The Final Revival of Opal & Nev is a 2021 historical fiction novel by Dawnie Walton.

Reception

Reviews 
The Final Revival Of Opal & Nev was well-received by critics, including starred reviews from Booklist, Library Journal, and Publishers Weekly.

Multiple reviewers highlighted aspects of the novel related to race and gender. Kirkus Reviews called the book an "intelligently executed love letter to Black female empowerment and the world of rock music," while Publishers Weekly called it "a firecracker," saying, "Walton pumps up the volume with a fresh angle on systemic racism and freedom of expression." Booklist said it is a "cinematic, stereophonic, and boldly imagined story of race, gender, and agency in art." NPR's Maureen Corrigan noted, "The Final Revival of Opal & Nev is itself anything but 'regular.' A deep dive into the recent past, [the novel] also simultaneously manages to be a rumination on up-to-the-minute themes like cultural appropriation in music, and the limits of white allyship." The Washington Post wrote, "It is refreshing to read a book that centers a Black woman who has this many layers, a book that seeks neither to save her from nor punish her for the flaws that make her human."

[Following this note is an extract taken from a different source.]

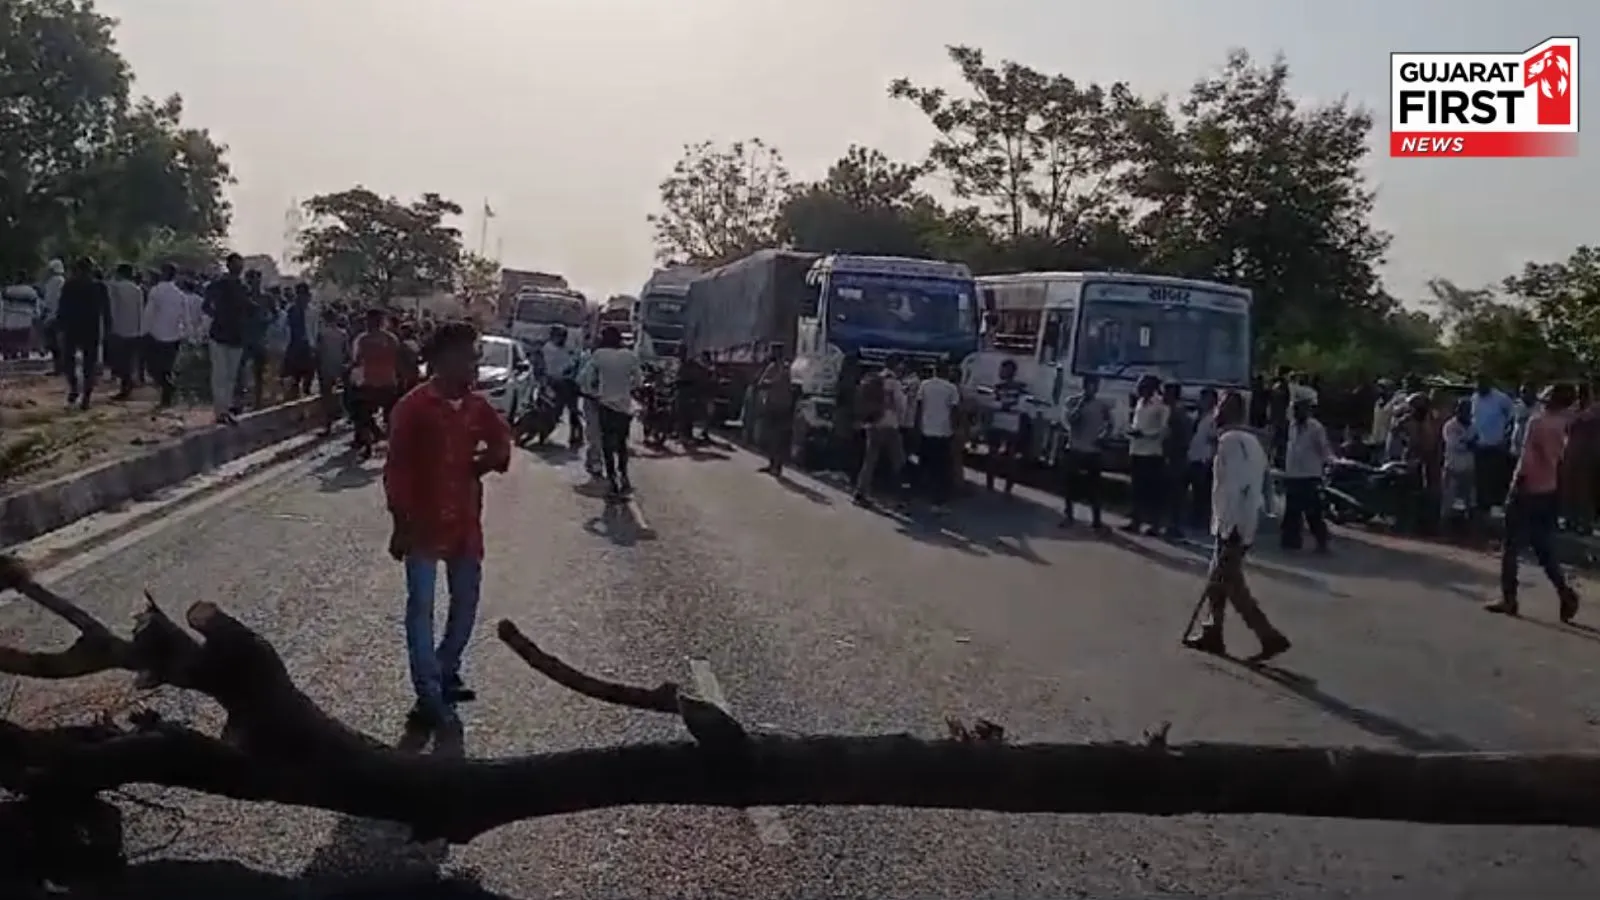 Agitated people blocked the Ahmedabad-Udepur National Highway due to the accident near Himmatnagar

Reviewers also commented on the book's realism. Library Journal wrote, "The characters seem so real that readers will find themselves searching the internet, hoping to find that Opal and Nev are actual people. Walton has penned a true wonder of a debut novel, bringing real events into her story." Corrigan indicated that she "had to stop and double check to make sure that this wasn't a true account of a real-life rock duo from the 1970s." The New York Times Book Review said the book "feels truer and more mesmerizing than some true stories."

Also highlighted was Walton's writing style and the atypical format of the book. Entertainment Weekly explained, "Walton's debut novel uses oral history as the form for her kaleidoscopic tale, though she can hardly be contained by it. The book bursts with fourth wall breaks and clear-eyed takes on race, sex, and creativity that Walton unfurls in urgent, endlessly readable style." Library Journal said, "Walton has a true storytelling voice, and her writing is impeccable. The New York Times Book Review said the book is "[i]ngeniously structured."

Awards and honors 
In 2021, Booklist named one of the top ten debut novels of the year.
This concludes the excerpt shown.